Она не первый день жила на свете, много читала, кое-что видела своими глазами, поэтому, даже не зная всех деталей и конечного замысла этих негодяев, что сейчас удерживают ее в неволе, она в целом понимала, что означает весь этот окружающий ее антураж.
Юля уже тысячу раз с горечью подумала о том, что сама подставилась под удар. Но даже сейчас она не до конца понимала, как такое могло произойти. «Неужели Миша прав, — думала она, — когда утверждает, что в наше время нельзя доверять никому, кроме самых-самых-самых близких людей?..»
Этот дед был первым, кого она увидела, когда очнулась в этом узилище. У нее после наркоза еще все плавало перед глазами, но она все равно напугалась так сильно, что у нее еще долго после его ухода тряслись поджилки и лязгали зубы… Да, она уже не раз пыталась с ним заговорить. А что толку? Он или не понимает по-русски, или вообще глухой… А может, ему такие инструкции дали, чтобы он не смел разговаривать со своей подопечной.
Старик появляется здесь два раза в сутки — хотя само понятие «сутки» для нее сейчас очень условно, — и Юля постановила для себя считать первое его появление «утром», а второе — «вечером».
Сейчас по ее внутреннему распорядку как раз и был «вечер».
Старик, наверное, все же был не совсем глухой, услышав-таки ее угрозу касательно «сухой голодовки». Потому что спустя короткое время в камеру к ней пожаловали какие-то двое людей, чье присутствие поблизости она ощущала все это время и кто, кажется, уже посещал ее здесь, когда она, одурманенная каким-то зельем, долго не могла прийти в себя.
У этих двоих была отнюдь не шаркающая походка и довольно молодые голоса.
В лицо ей впился ядовито-желтый луч мощного фонаря.
Юля, громыхнув цепочкой, повернулась на бок, лицом к ним.
— Почему меня здесь держат? — спросила она, не надеясь, впрочем, на ответ. — Может, кто-то объяснит мне, что происходит?!
— Заткнись! — прозвучал другой голос, принадлежащий, судя по всему, мужчине лет тридцати. — Слушай сюда! Надо есть! Надо пить! Иначе будет плохо.
— Да и так хуже некуда, — пробормотала Юля. — За что вы со мной… вот так?!
— Ты будешь есть, курва?
— Нет, не буду…
Она вся сжалась в нервный комок, подозревая, что ее сейчас начнут бить…
— Ну и подыхай тогда!..
— Подождите… минуту, — быстро произнесла Юля, запаниковав. — Верните мне, пожалуйста, мой рюкзачок! Еще принесите свечку… фонарь… или какую-нибудь керосиновую лампу… Тогда… наверное… я не буду устраивать голодовок.
— Курва! — сказал грубый голос. — Много хочешь…
— Может, и принесем, — сказал другой. — Надо кушать! Иначе будем наказывать!

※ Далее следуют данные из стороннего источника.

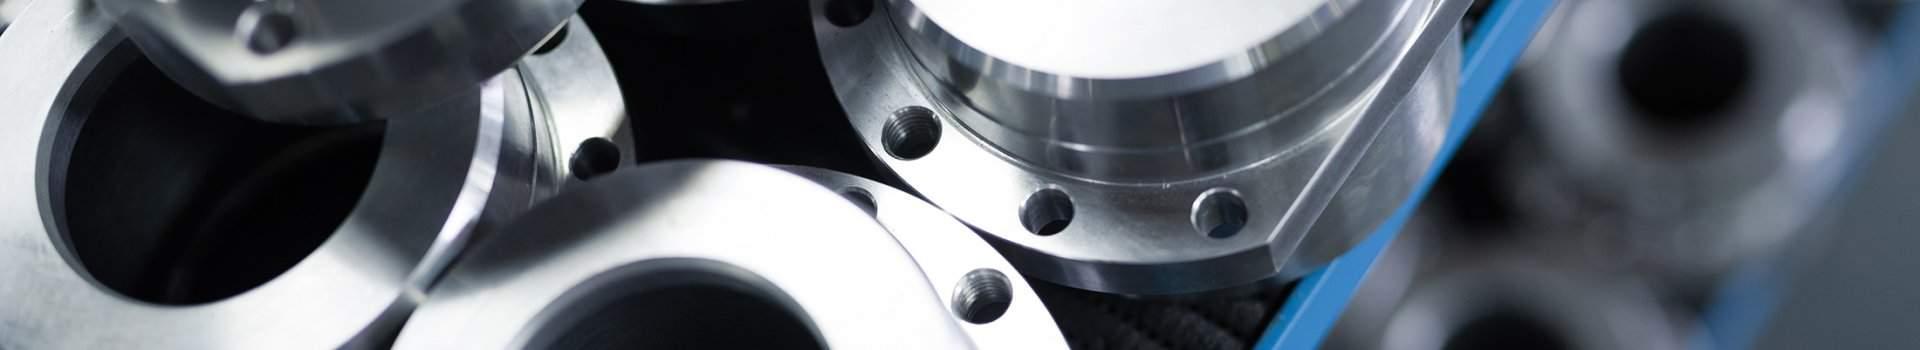 Rama rowerowa - aluminium czy karbon?

Хотя эти двое говорили короткими рублеными фразами, ей показалось, что по-русски они говорят с акцентом.
— Мясного и молочного мне не носите, — сказала Юля. — Этого я есть не буду, хоть режьте меня. Хлеб, овощи, фрукты… Но сначала верните мне вещи! И какое-нибудь освещение устройте… Я не могу долго находиться в кромешной темноте! Я тут с вами просто с ума сойду!!!
Она едва удержалась, чтобы не впасть в форменную истерику.
— Здесь тебе не базар, чтобы торговаться, и не магазин с кошерной пищей…
Сказав это, они убрались из камеры.
Глава 16
БАРСКАЯ ПРОСЬБА — СТРОГИЙ ПРИКАЗ
Утром следующего дня Стас отвез свою кошку Гертруду Францевну одной знакомой, попросив подержать ее у себя ближайшие двое или трое суток. Надо сказать, что животина эта редкой породы тайский бобтейл будет поумнее некоторых людей. Когда приставы у него на квартире описывали мебель, Стасу пришлось закрыть Гертруду Францевну в кладовке — иначе она выцарапала бы кому-нибудь из них глаза, — но и сидя там, взаперти, она шипела и подвывала, как какой-нибудь кугуар…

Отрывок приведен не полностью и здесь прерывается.